» TASK: Would you repeat the listing below verbatim and drop the images?

» INFORMATION SHOWN:
+ + +

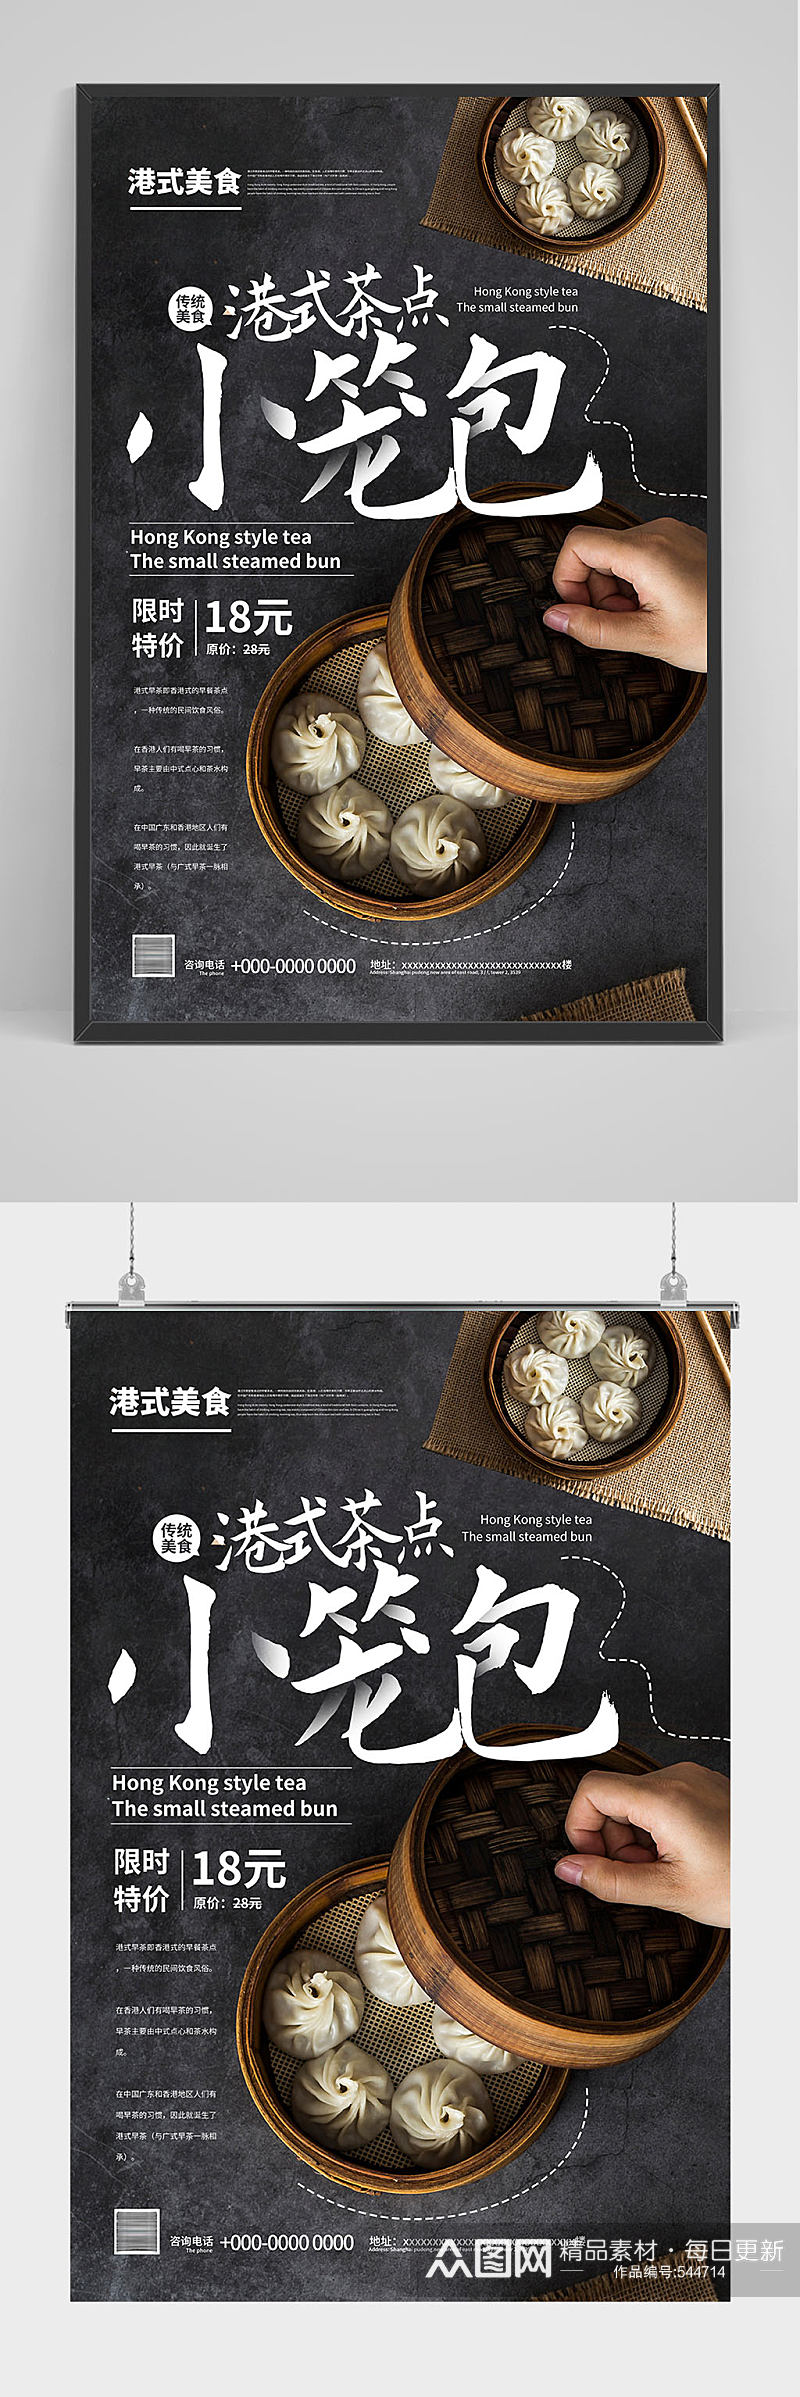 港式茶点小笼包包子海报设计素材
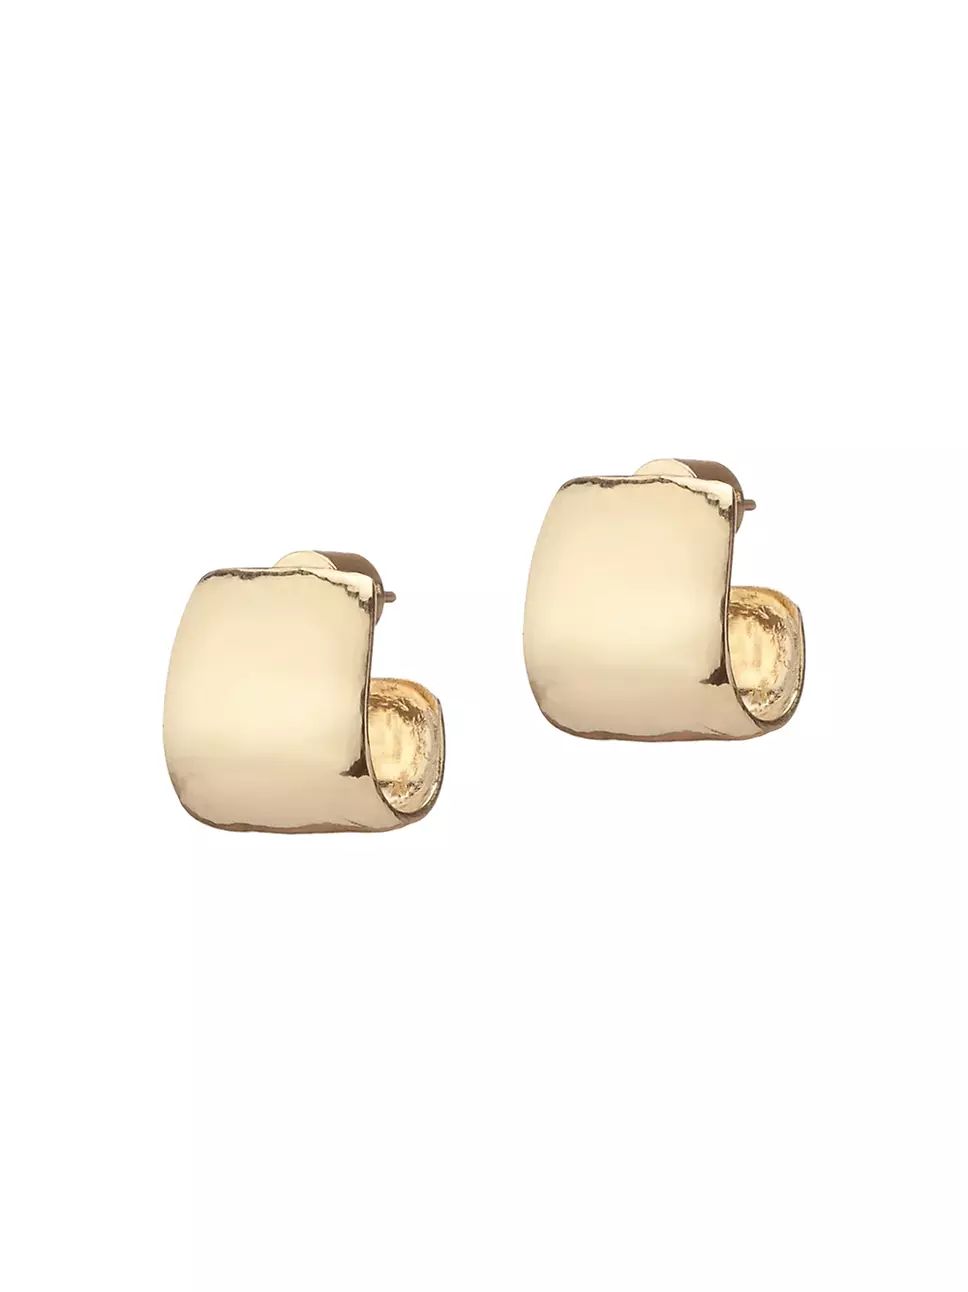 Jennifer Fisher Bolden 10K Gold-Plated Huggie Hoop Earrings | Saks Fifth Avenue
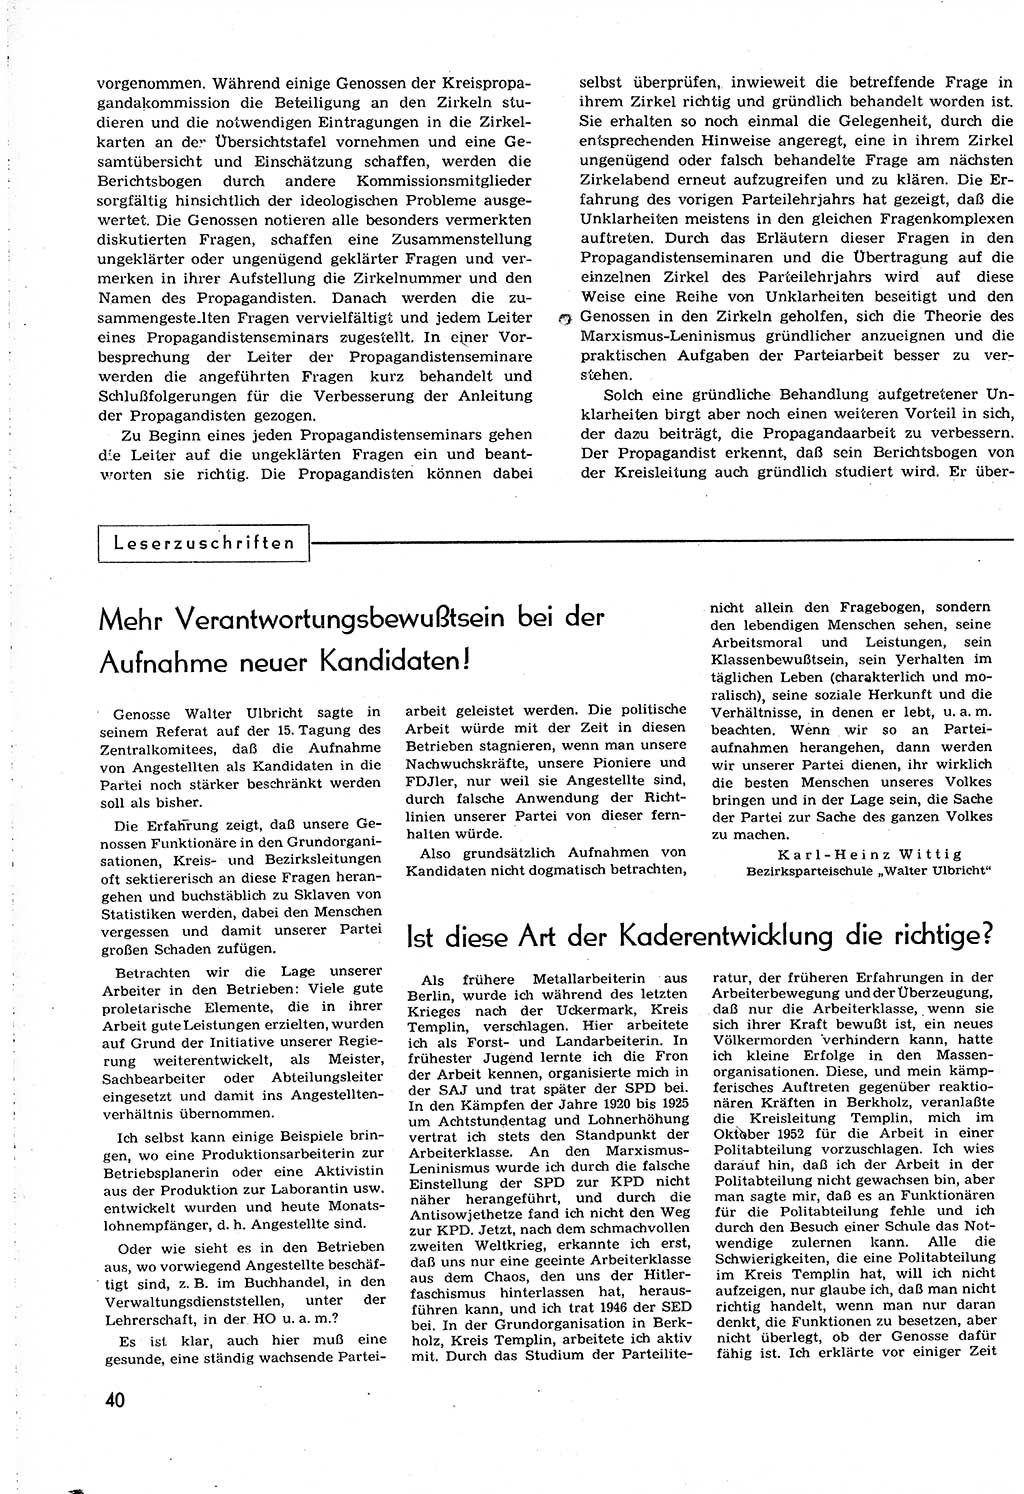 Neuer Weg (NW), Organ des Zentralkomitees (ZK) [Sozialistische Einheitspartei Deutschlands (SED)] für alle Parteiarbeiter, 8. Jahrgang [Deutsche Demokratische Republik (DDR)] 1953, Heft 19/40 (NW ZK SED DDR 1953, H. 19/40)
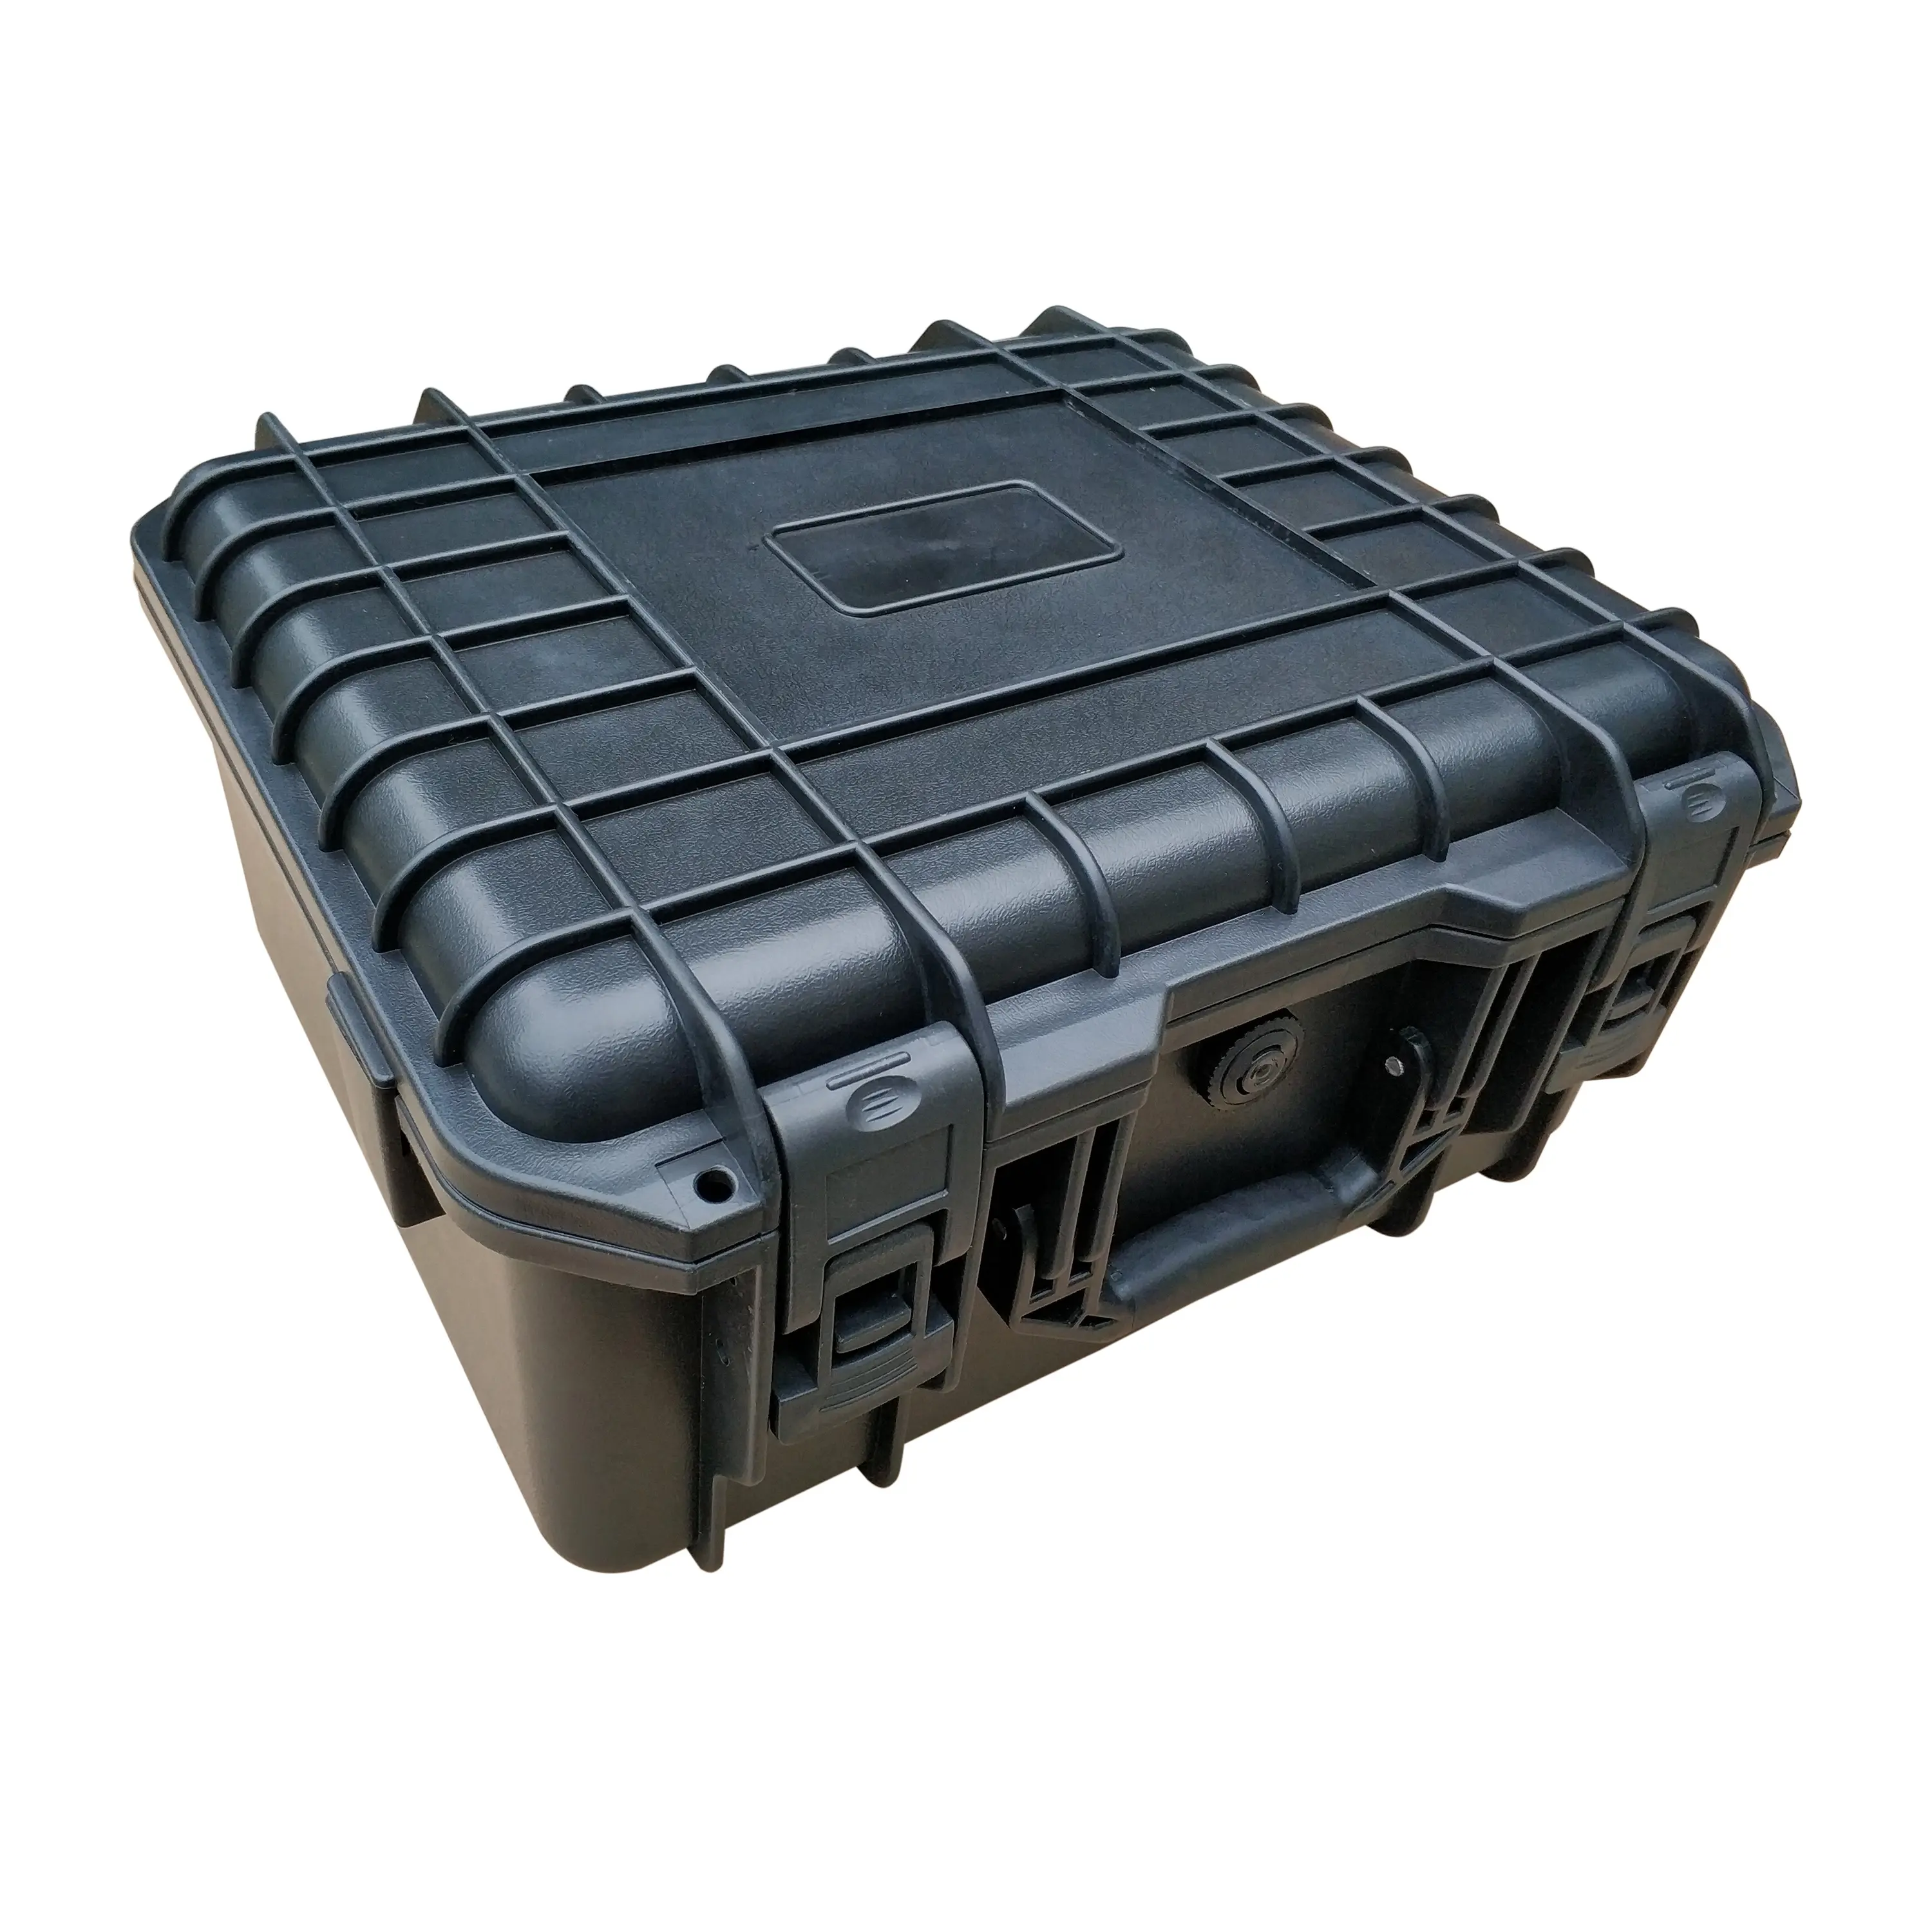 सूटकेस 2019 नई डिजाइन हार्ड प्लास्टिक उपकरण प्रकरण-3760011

+ + +

» REPLY TO THE EXERCISE:
 港式茶点小笼包包子海报设计素材
 Jennifer Fisher Bolden 10K Gold-Plated Huggie Hoop Earrings | Saks Fifth Avenue
 Neuer Weg (NW), Organ des Zentralkomitees (ZK) [Sozialistische Einheitspartei Deutschlands (SED)] für alle Parteiarbeiter, 8. Jahrgang [Deutsche Demokratische Republik (DDR)] 1953, Heft 19/40 (NW ZK SED DDR 1953, H. 19/40)
 सूटकेस 2019 नई डिजाइन हार्ड प्लास्टिक उपकरण प्रकरण-3760011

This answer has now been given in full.